## Supplied material
┌────────

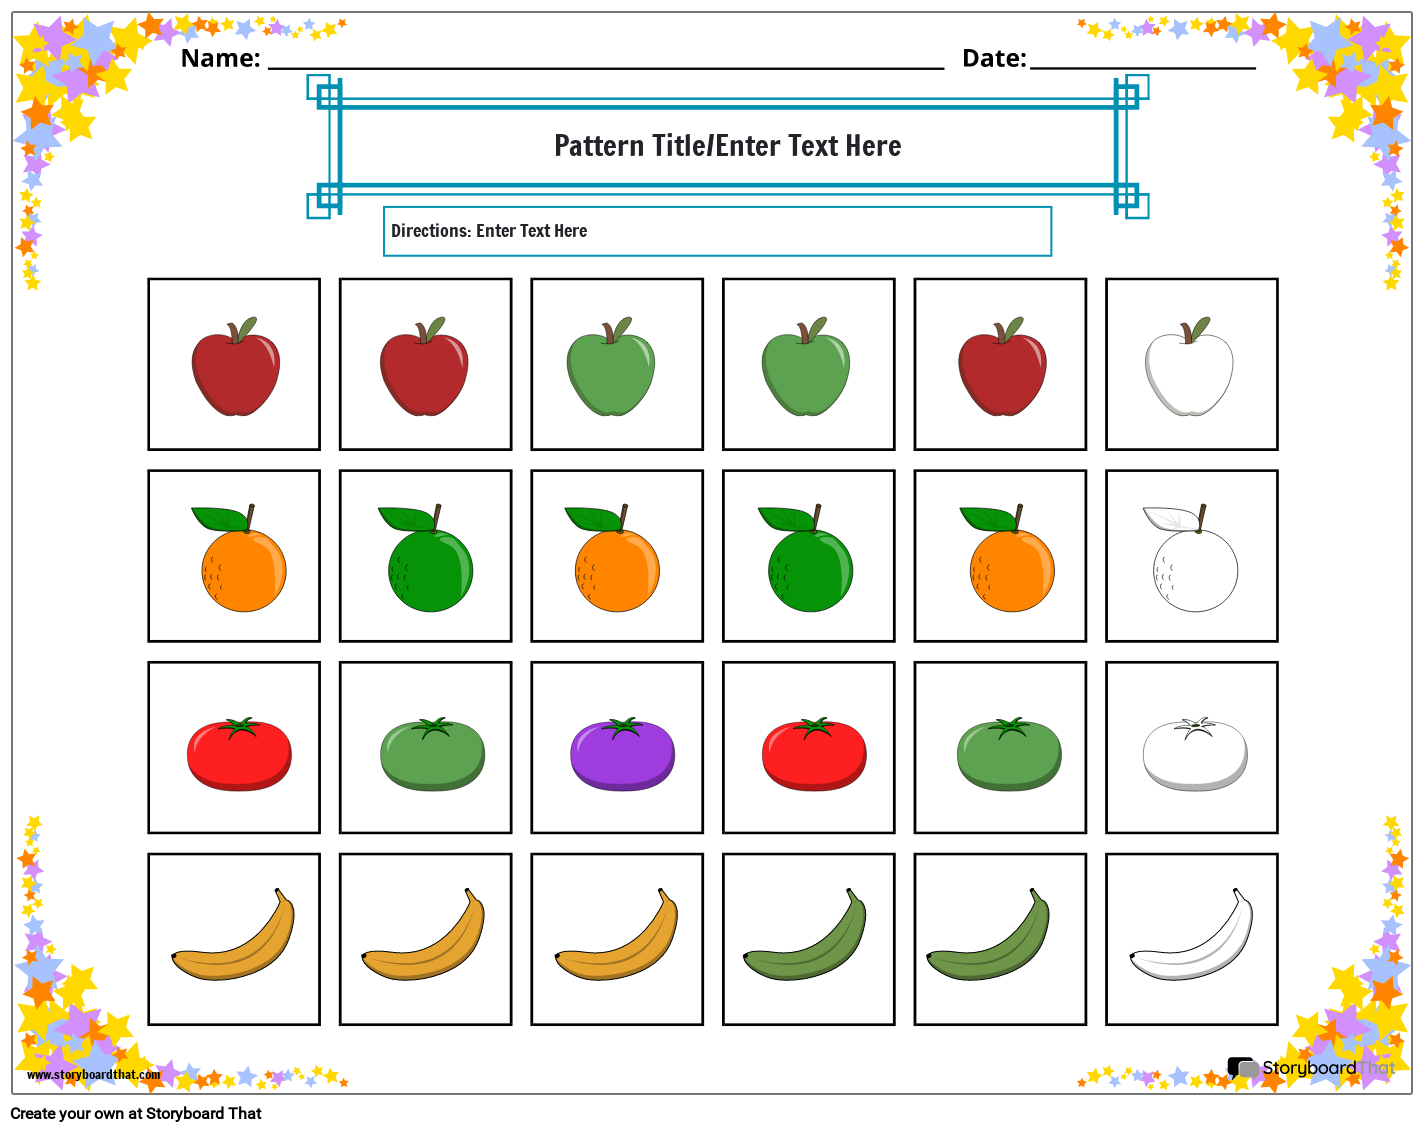 Fruits color Pattern Worksheet
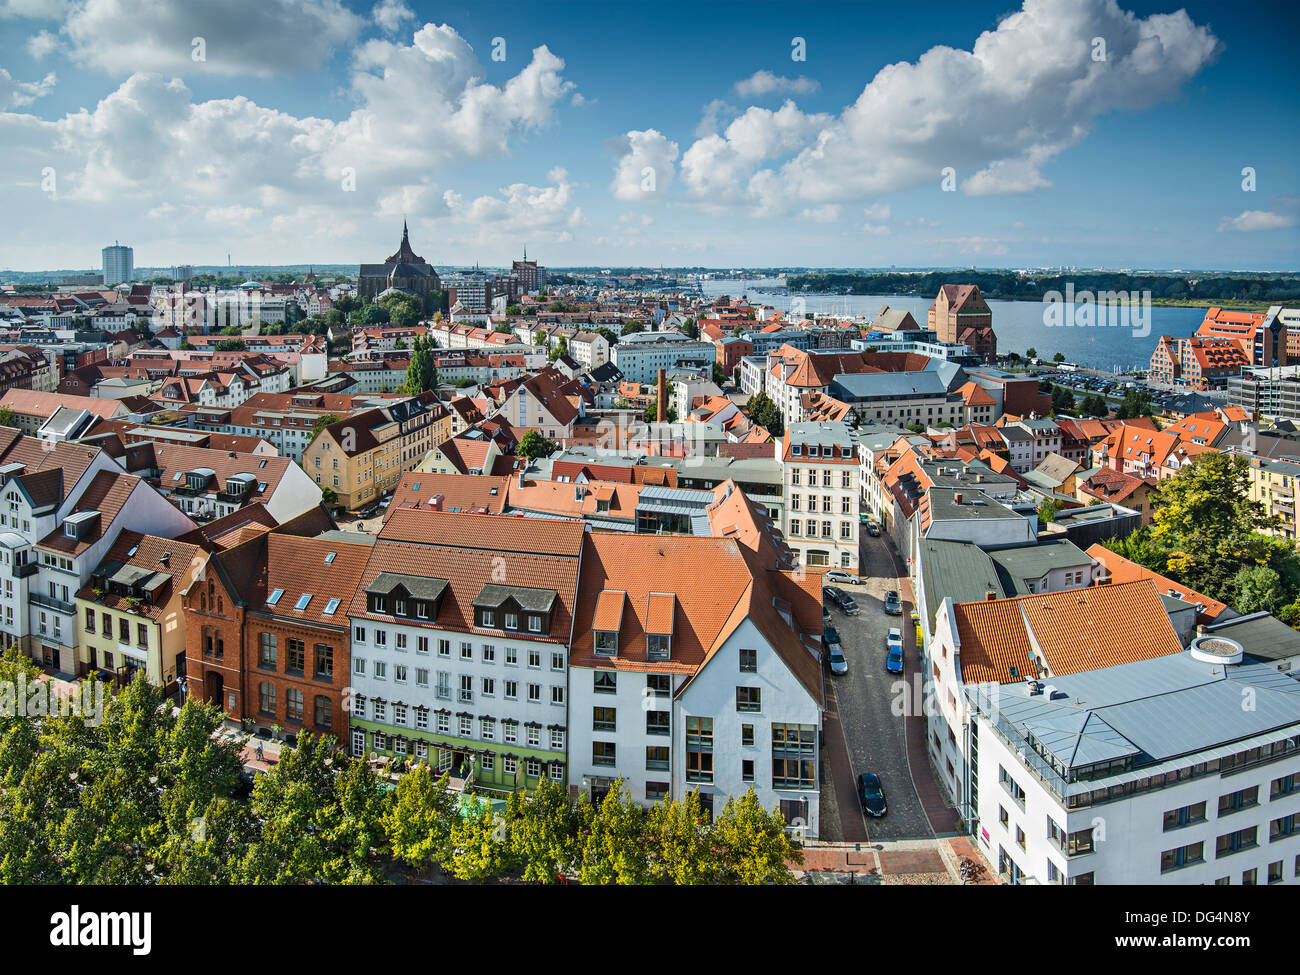 Horizonte de la ciudad de Rostock, Alemania. Foto de stock
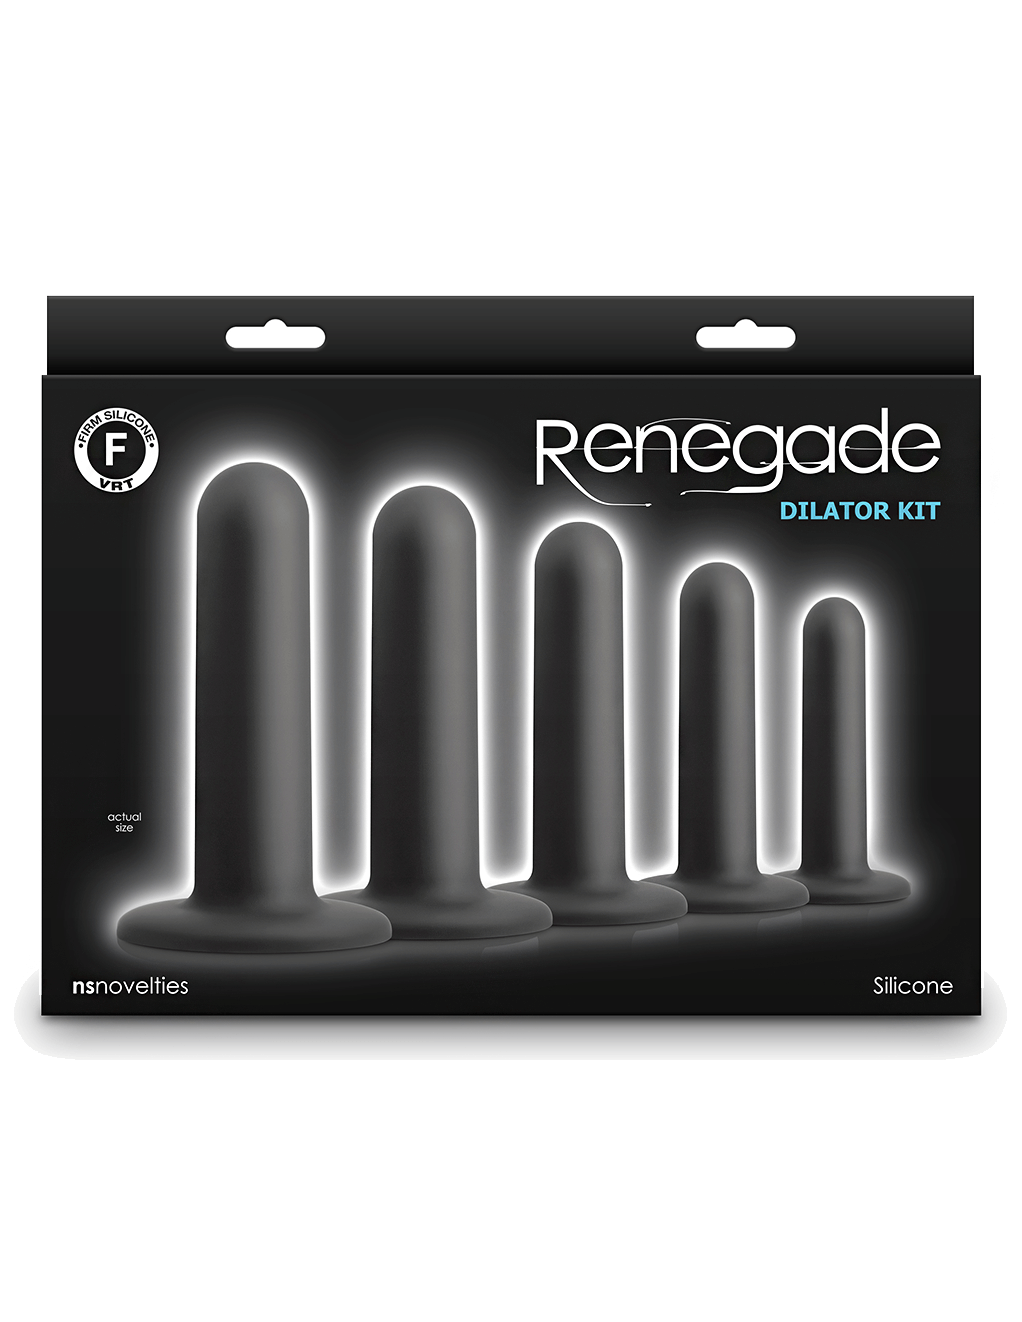 Renegade Dilator Kit - Black - Box - Front

└────────

## Action item
From the line containing "Horizonte de la" down to the final line of the material, restate every line word for word, and only those; drop the pictures.

## Task response
 Horizonte de la ciudad de Rostock, Alemania. Foto de stock
 Renegade Dilator Kit - Black - Box - Front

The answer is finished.